The innovative technique asks AI to find objects hidden from view by looking into the shadows, leading to safer autonomous vehicles, better-performing AR or faster warehouse automation.
When road collisions happen ahead of human drivers, they rely on signals such as brake or hazard lights from the vehcile/s ahead to be forewarned of the danger. Even current autonomous driving technologies only take note of the speed differential of the car ahead – performing emergency braking only a fraction of a second earlier, and safer, than a human.
Now new research by experts at MIT and Meta poses the question, if an autonomous vehicle could see around the car/s ahead, could it apply the brakes even sooner? If so, the ability could lead to softer autonomous braking and, in turn, fewer collisions, fewer injuries and improved traffic flow.
The example above shows the system modelling a rabbit in the chair, which is blocked from visible view. Image: Tzofi Klinghoffer, Ramesh Raskar, et al.
The computer vision technique developed and introduced by MIT graduate Tzofi Klinghoffer and others from MIT and Meta is called Plato-NeRF – named after Plato’s allegory of the cave in a passage from the Greek philosopher’s ‘Republic’, in which prisoners chained in a cave discern the reality of the outside world based on shadows cast on the cave wall.
Looking in the shadows
The method uses shadows to determine what lies in the areas blocked from view, creating a physically accurate 3D model of an entire scene with images from a single camera position. By combining lidar with machine learning, Plato-NeRF’s 3D reconstructions beat some existing AI techniques for accuracy, while also offering smoother reconstructed scenes in environments where the shadows are hard to see, such as those with high ambient light or dark backgrounds.

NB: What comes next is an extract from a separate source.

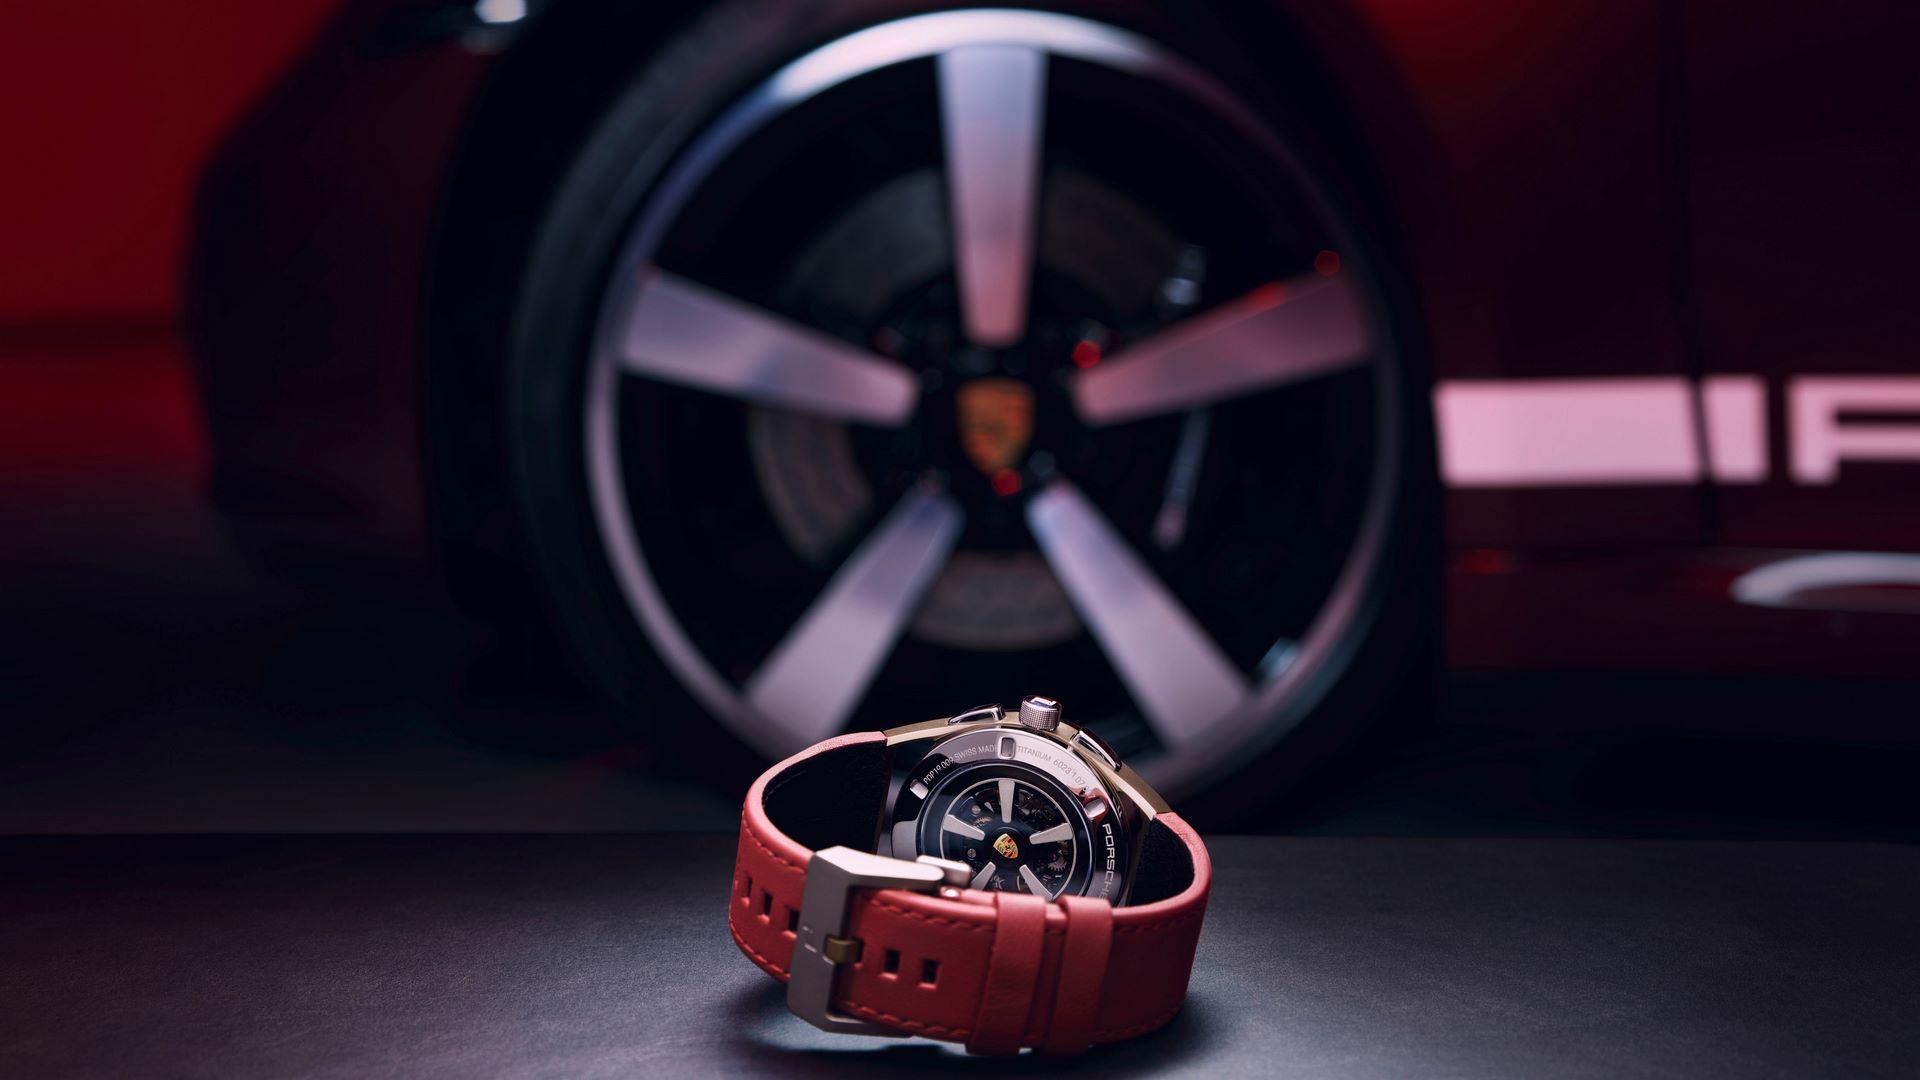 Porsche-911-Targa-4S-Heritage-Design-Edition-chronograph-4

“Our key idea was to take these two things from different disciplines – multi-bounce lidar and machine learning – and pull them together,” said Klinghoffer. “And it turns out that when you bring them together, you find a lot of new opportunities to explore and get the best of both worlds.”
Differences between Plato-NeRF and existing software
While some existing machine learning approaches use generative AI to guess the presence of objects in unseen areas, these models can hallucinate, seeing objects that aren’t there. Other approaches that do use shadows to infer the shapes of hidden objects, meanwhile, do so with a colour image – which can struggle when shadows are hard to see.
Single-photon lidar illuminates a target point in the scene before reading the light that bounces back to the sensor. As most of the light scatters and bounces off other objects before returning to the sensor, however, it is hard to get definitive data. Plato-NeRF instead relies on these second bounces of light.
By tracking these secondary rays – those bouncing off the target point and heading to other points – Plato-NeRF can determine which points lie in shadow and, based on the location of the shadows, infer the geometry of hidden objects. “Every time we illuminate a point in the scene, we create new shadows,” said Klinghoffer. “Because we have these different illumination sources, we have a lot of light rays shooting around, so we carve out the region that is occluded and beyond the visible eye.”